Die Beachtung der Grundfaktoren Interesse, Erwartung, Zufriedenheit und Relevanz des Gelernten ist ein wichtiger Schritt hin zu einer motivierenden technologiegestützten Lehrveranstaltung (John M. Keller, 1987).  Nicht nur hinsichtlich einer optimalen Lernwirksamkeit, sondern auch für die Anregung und Aufrechterhaltung der Motivation ist es zudem höchst relevant, dass digitale Lernumgebungen benutzerfreundlich sind und sich an die Lernenden anpassen bzw. an die Lernenden anpassbar sind. Als motivationsfördernd gelten zudem folgenden Elemente (Weinberger & Fischer, 2004):

  • Möglichkeiten der aktiven Teilnahme, Interaktions- und Kooperationsmöglichkeiten (z. B. durch Gruppenarbeit)

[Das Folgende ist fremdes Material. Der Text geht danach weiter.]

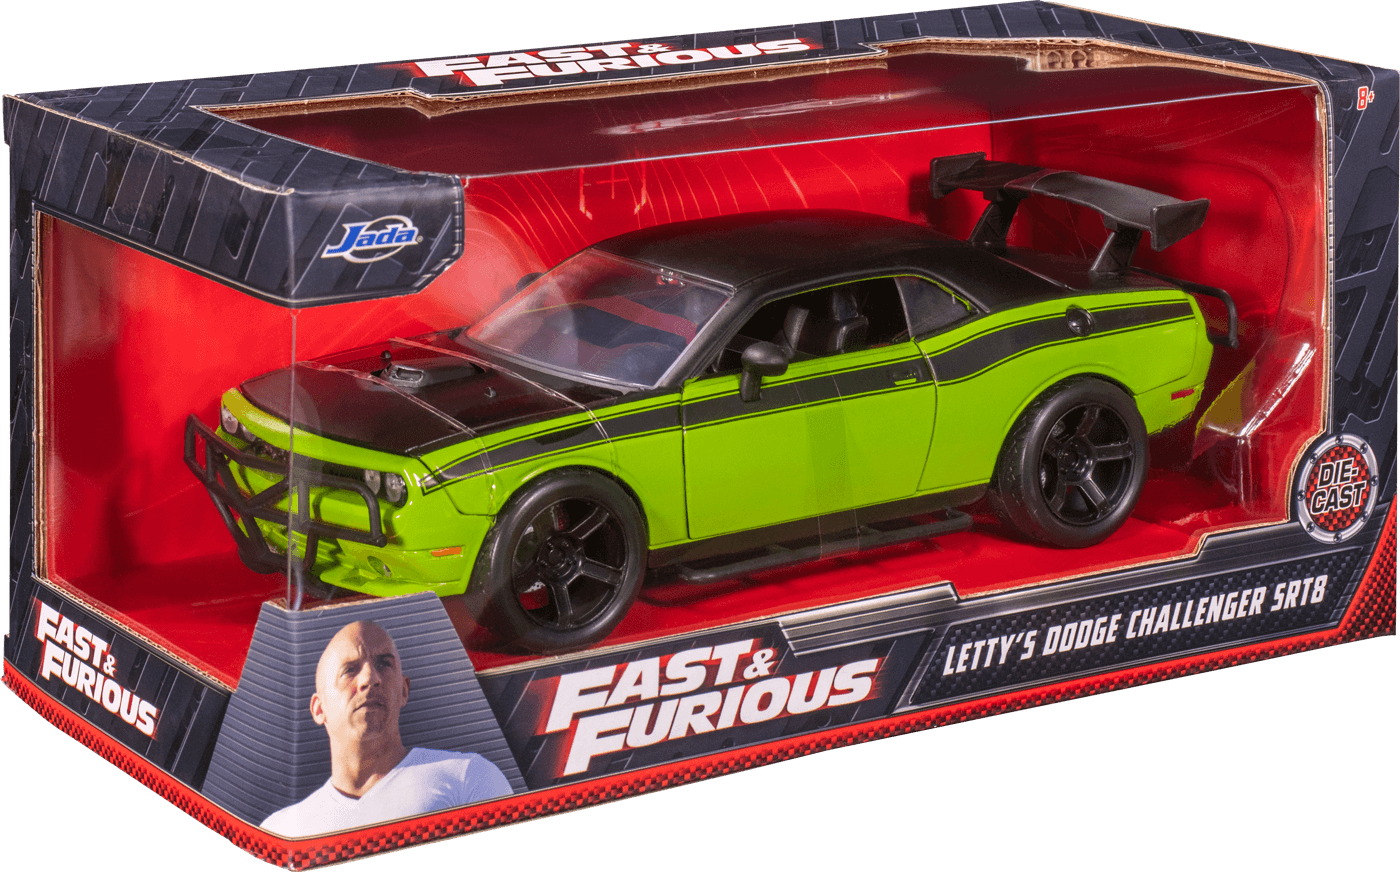 JAD97131 Fast and Furious - Dodge Challenger SRT8-Off Road 1:24 Scale Hollywood Ride - Jada Toys - Titan Pop Culture

  • Spaß am Umgang mit möglichst abwechslungsreichem Lernmaterial
  • Wahlmöglichkeiten von Lernmethoden innerhalb des Lernsystems
  • Möglichkeiten zur sozialen Interaktion
  • positiv formuliertes Richtmaß für Lernerfolg, Herausforderung durch Lernstoff
  • Fehlertoleranz und Verzicht auf demotivierende Bestrafung
  • begleitende Rückmeldungen, Feedback, Lernerfolgskontrolle, Anerkennung des Lernfortschritts durch die Lehrenden (Vath, Hasselhorn, & Lüer, 2001).